Some of the north parts of this trail is on private land, but almost all of this trail is on state forest
In Austin, Frank Goodyear built a huge Hemlock sawmill, and hauled cut timber logs to Austin by rail to get sawed into lumber and then used his rail line to transport the sawn lumber to the large cities. In 1886, he extended the line 13 miles south to Costello, where there was a large sole leather tannery. The leather tanneries used the Hemlock bark, which was a by-product of the saw mills, for making tannic acid. This allowed Goodyear to benefit greatly by supplying one industry with the waste product from his lumber operation. Hemlock Tannins made the leather more resistant to decomposition and gave the leather a distinctive, deep reddish-brown color.
By 1893, the Sinnemahoning Valley Railroad merged with the Buffalo and Susquehanna Railroad and by then extended sixty-two miles from Keating Summit on to Wharton and beyond. From Wharton, the rail line proceeded north east up a steep grade to Galeton. About 14 miles south of Galeton, four large switchbacks were required to get over the ridge and into Galeton. From Galeton the rail line ran eastward to Ansonia, with a 13-mile branch to the at that time booming logging town of Cross Fork. By 1901, the Buffalo and Susquehanna Railroad had built another extension from the Wharton mainline, south through Sinnemahoning to connect the Philadelphia & Erie Railroad near Driftwood.
Austin became Goodyear's center of operations in the Sinnemahoning Valley, and was known as Hemlock City. Disaster struck when Austin was literally wiped off the map by a large flood caused by the failure of the Bayless Papermill Company concrete dam on September 30, 1911.The lumber profitability had already declined before then due to the total cutting of the Eastern Hemlock stands that completely cleared the hills of thier the old-growth forests.
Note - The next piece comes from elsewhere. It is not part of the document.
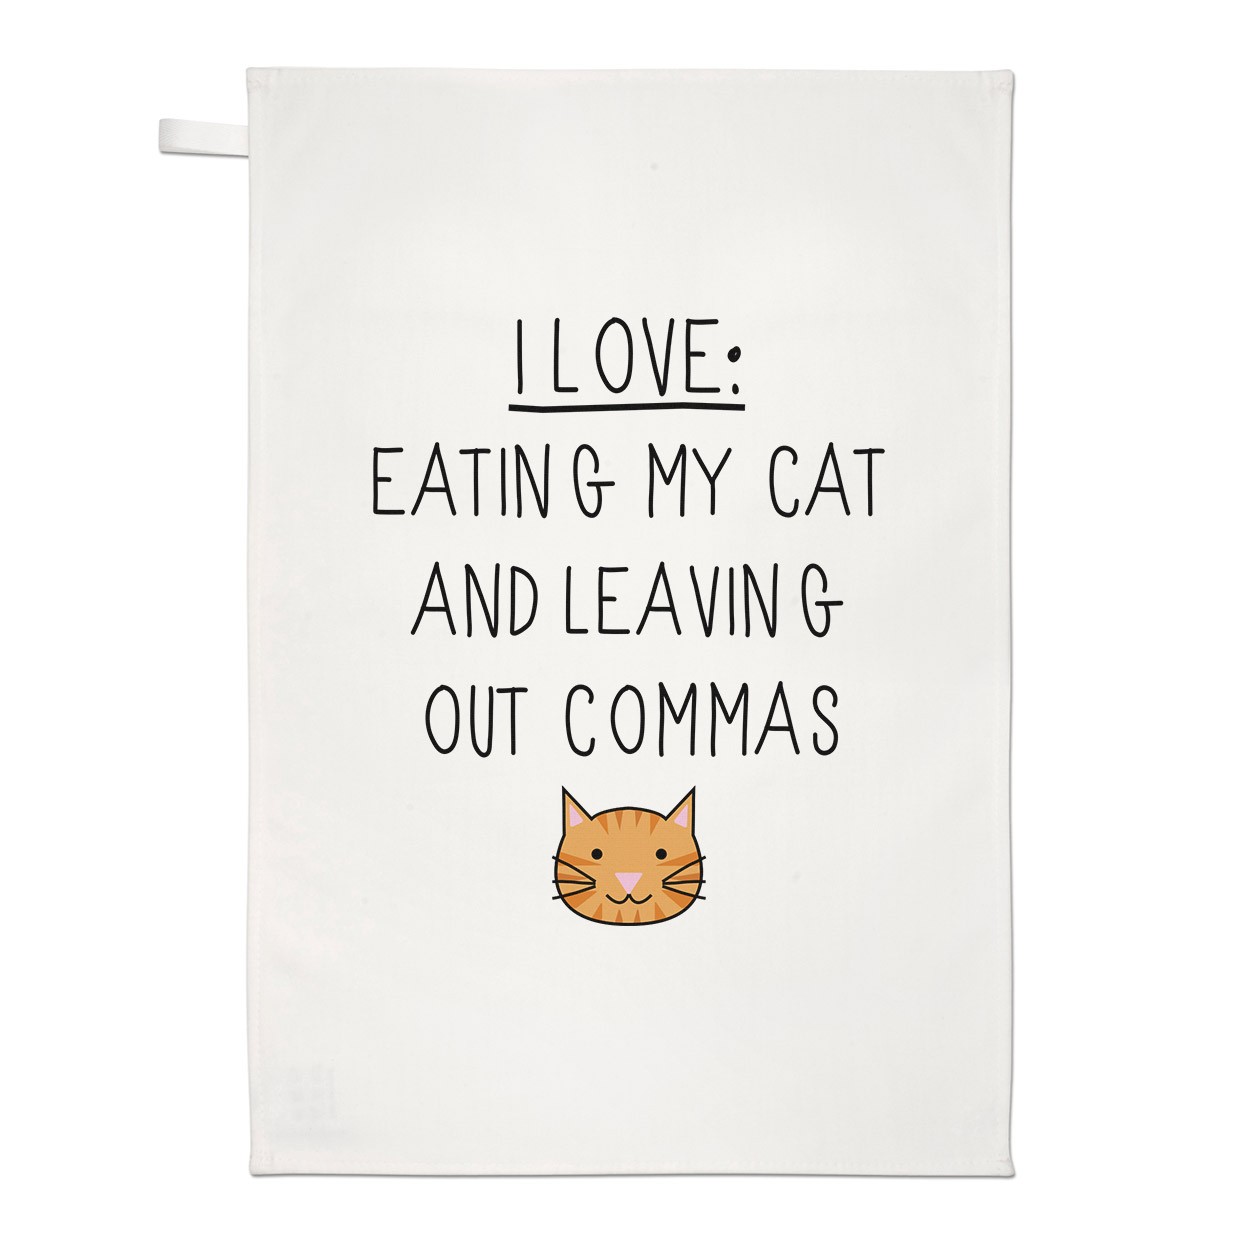 I Love Eating My Cat and Leaving Out Commas Tea Towel Dish Cloth

To make matters even worse, a board range of bad economic conditions continued to affect the rail lines and the once-prosperous industries operating in the Sinnemahoning Valley from then on. Even the state-of-art papermaking pursuits by George Bayless started in 1901 failed to revive the area's economy and prosperity due to the 1911 burst of the large concrete dam built in 1909 to provide adequate water to run the mill processes at full capacity during the seasonally dry periods of low flow in the Freeman Run headwaters. The rail line from Keating Summit to Austin was abandoned by 1941. By 1942, the rail lines south of Austin, running through Costello and Wharton, and all the way to Sinnemahoning, were also abandoned. And, that mostly ended of the railroad era in these parts, except for the tiny village of Keating Summit which has the only active Pennsylvania Railroad line still running in Potter County yet today.
The Goodyear Hemlock Sawmill closed in 1911, and the Bayless Papermill Company survived the breaking of the Austin Dam in 1911 as well as another smaller earthen dam break in the flood of 1942. However, a major fire in 1944 caused the Austin papermill to close forever. Only Ruins are left in this washed out valley on a 2-mile stretch along the east branch of Freeman devastated by the Dam breaks. The two Freeman Run branches that converge in Austin, from whence it flows as a single waterway to its mouth at Costello.